**WHAT NEEDS TO BE DONE:** All lines in the records below from the line with "Юлія Тимошенко висловила" through the line with "Ovenschotel met pasta en broccoli" are to be given again exactly, both ends included; the pictures are to be left out.

**DATA TO PROCESS:**
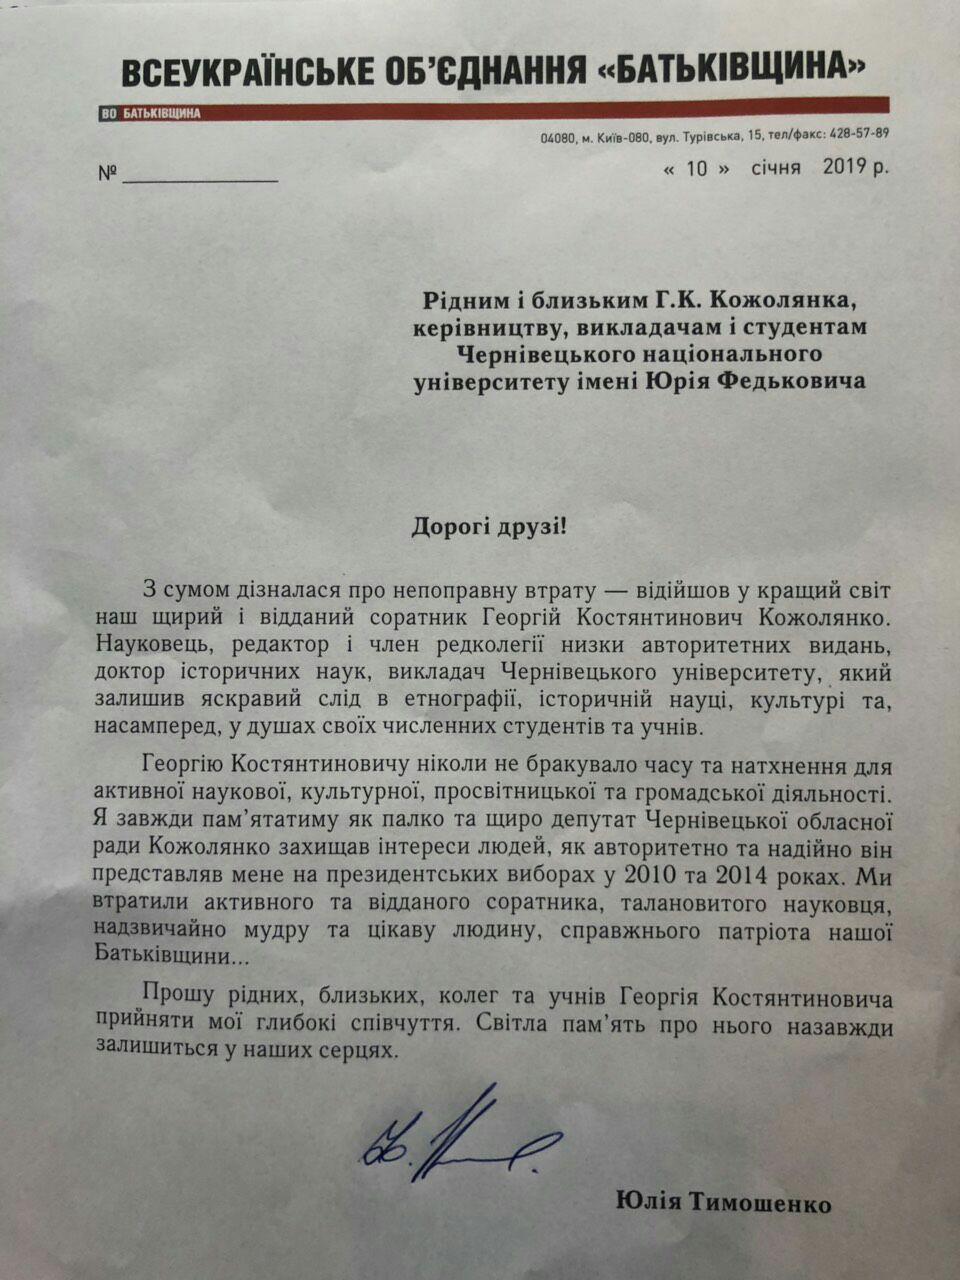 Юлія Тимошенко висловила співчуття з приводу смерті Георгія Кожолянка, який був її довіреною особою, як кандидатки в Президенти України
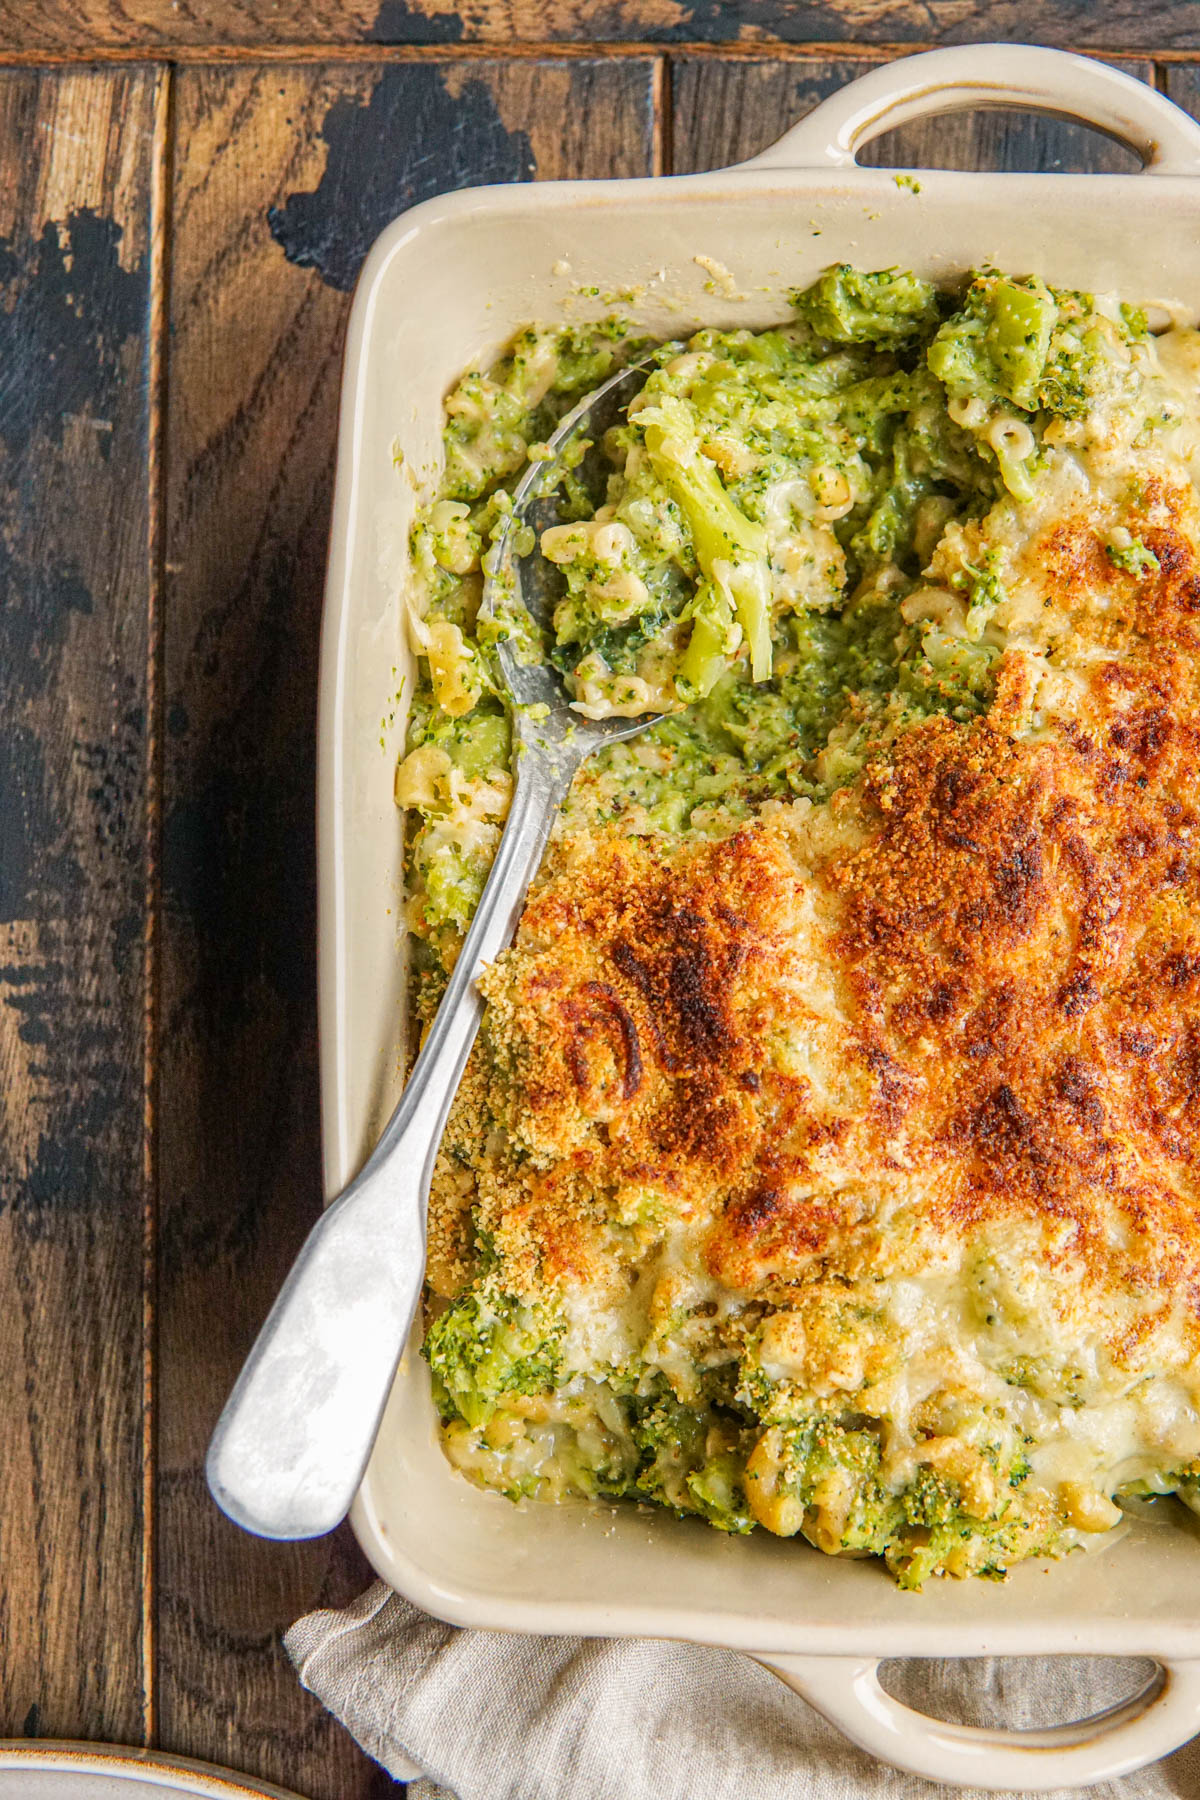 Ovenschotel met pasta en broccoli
==
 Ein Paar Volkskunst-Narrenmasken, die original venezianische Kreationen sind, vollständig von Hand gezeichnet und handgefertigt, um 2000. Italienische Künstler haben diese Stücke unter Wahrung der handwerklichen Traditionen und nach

**RESPONSE:**
 Юлія Тимошенко висловила співчуття з приводу смерті Георгія Кожолянка, який був її довіреною особою, як кандидатки в Президенти України
 Ovenschotel met pasta en broccoli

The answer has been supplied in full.